> **THE TASK**
Should a picture appear anywhere in the data, omit it and copy everything else exactly.

> **DATA EXTRACT**
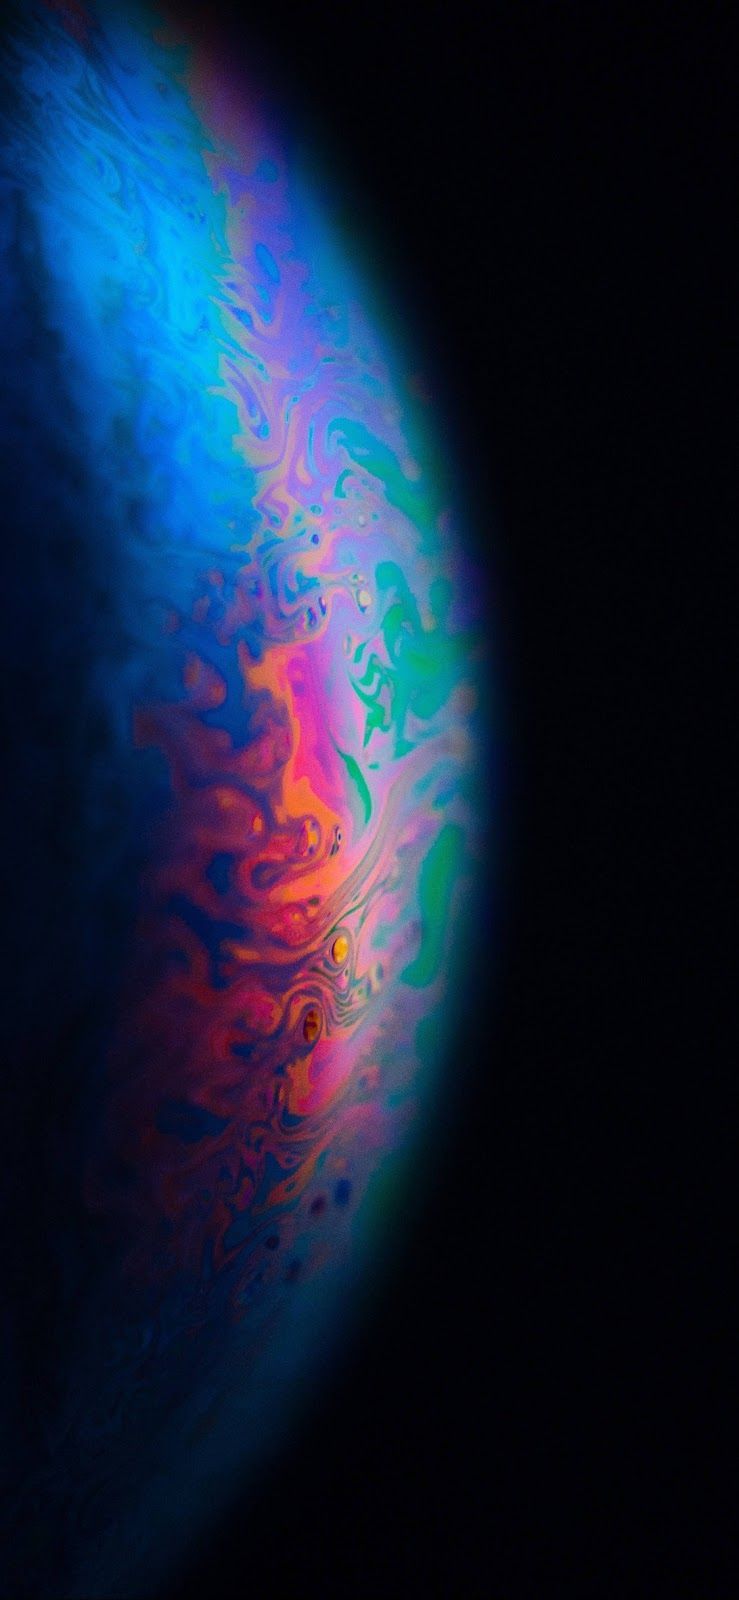 Colorful Bubble (iPhone X). Apple wallpaper iphone, iPhone
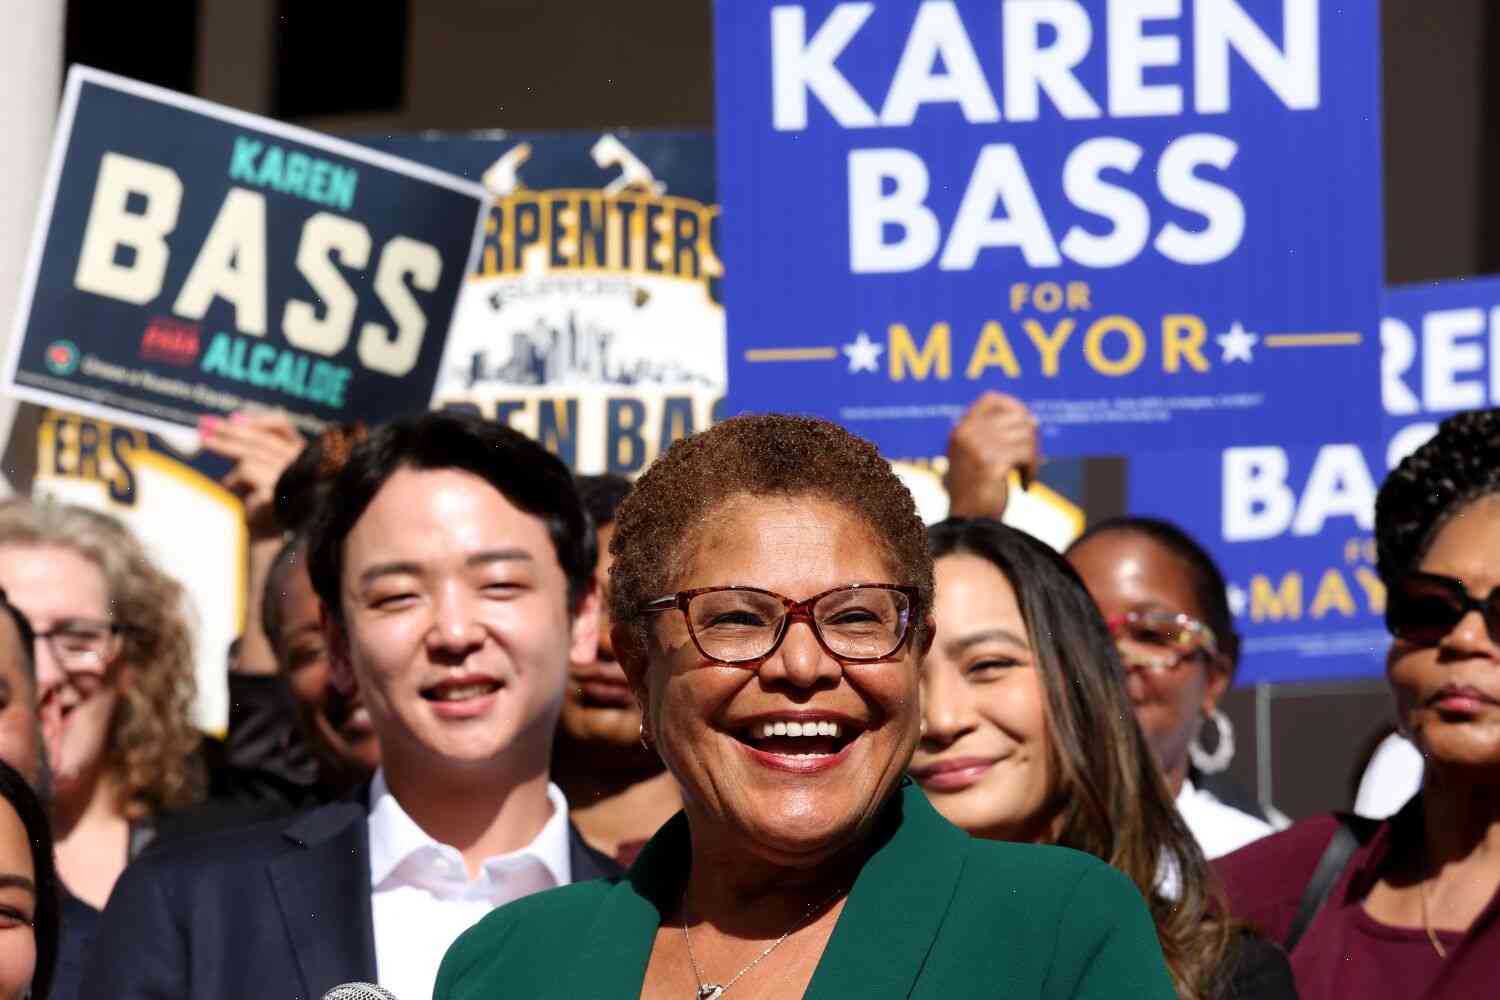 Karen Bass, the first African American woman elected mayor, joins the race for the 48th mayor
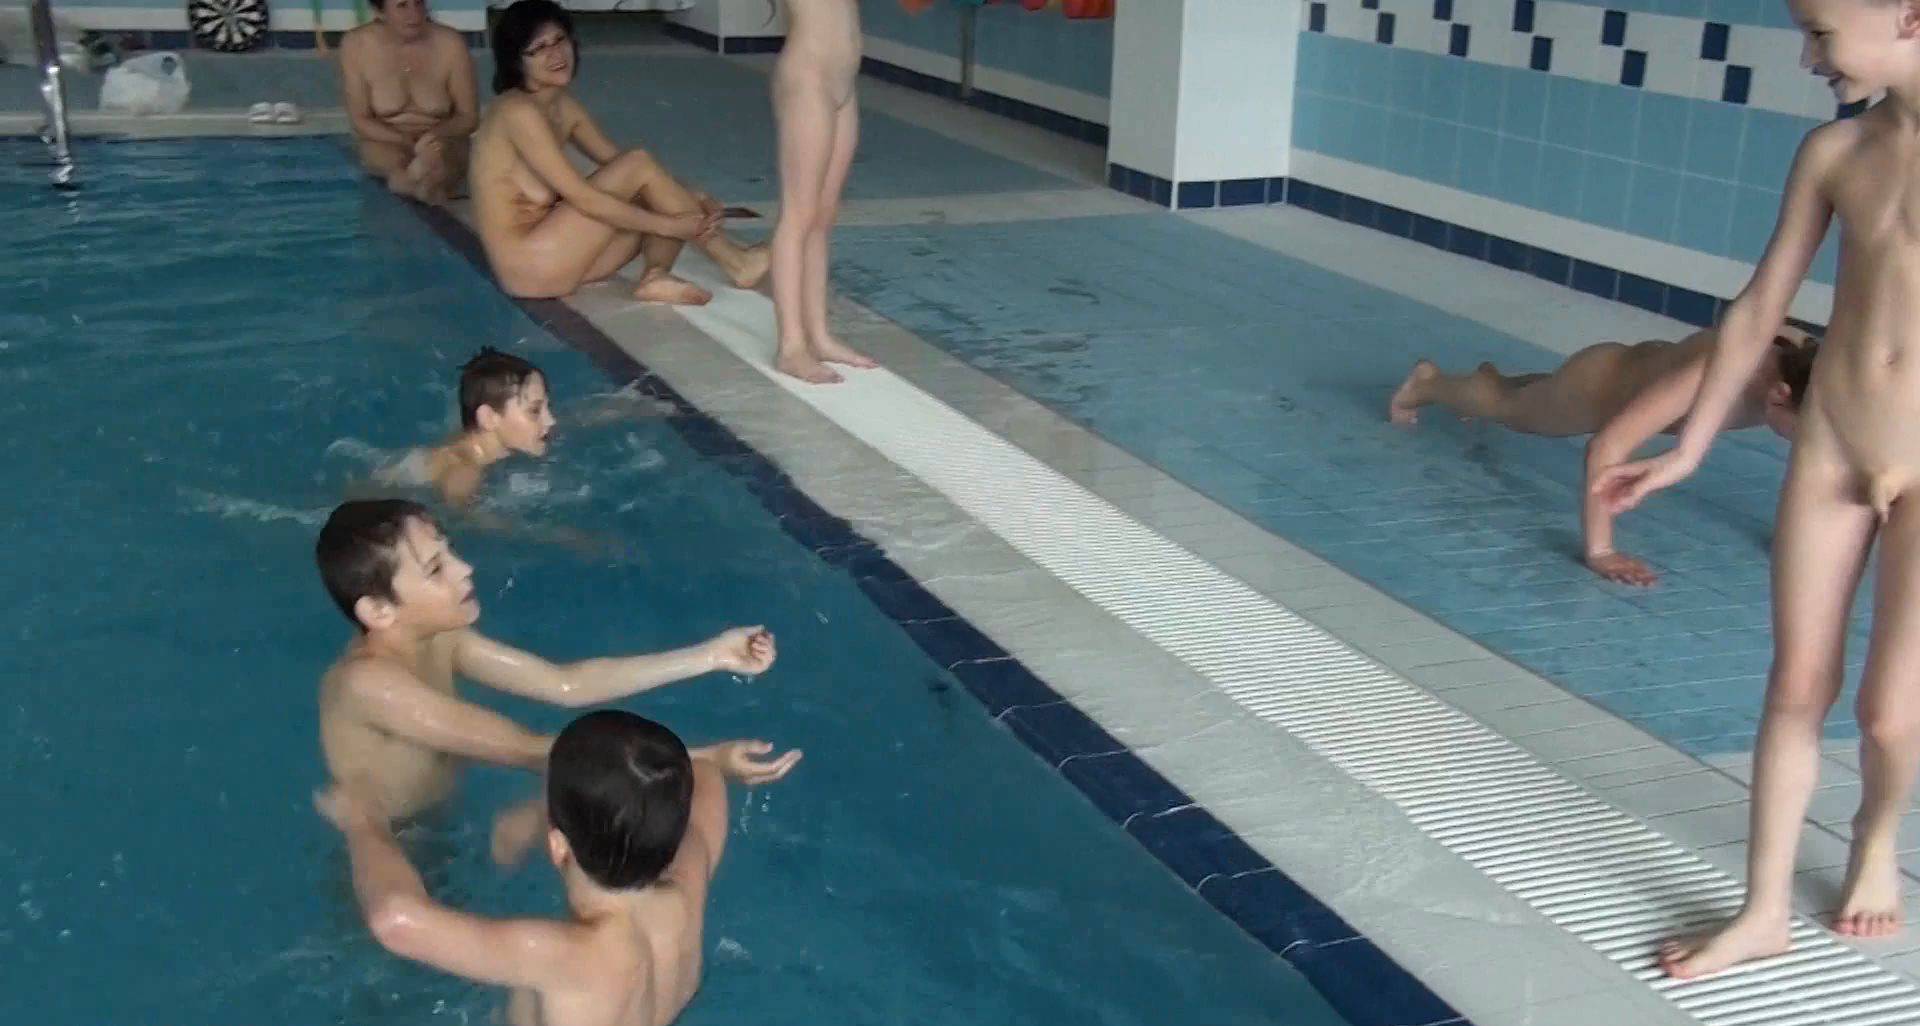 Activity Pool - Pure Family Nudism - 2

> **THE ANSWER**
 Colorful Bubble (iPhone X). Apple wallpaper iphone, iPhone
 Karen Bass, the first African American woman elected mayor, joins the race for the 48th mayor
 Activity Pool - Pure Family Nudism - 2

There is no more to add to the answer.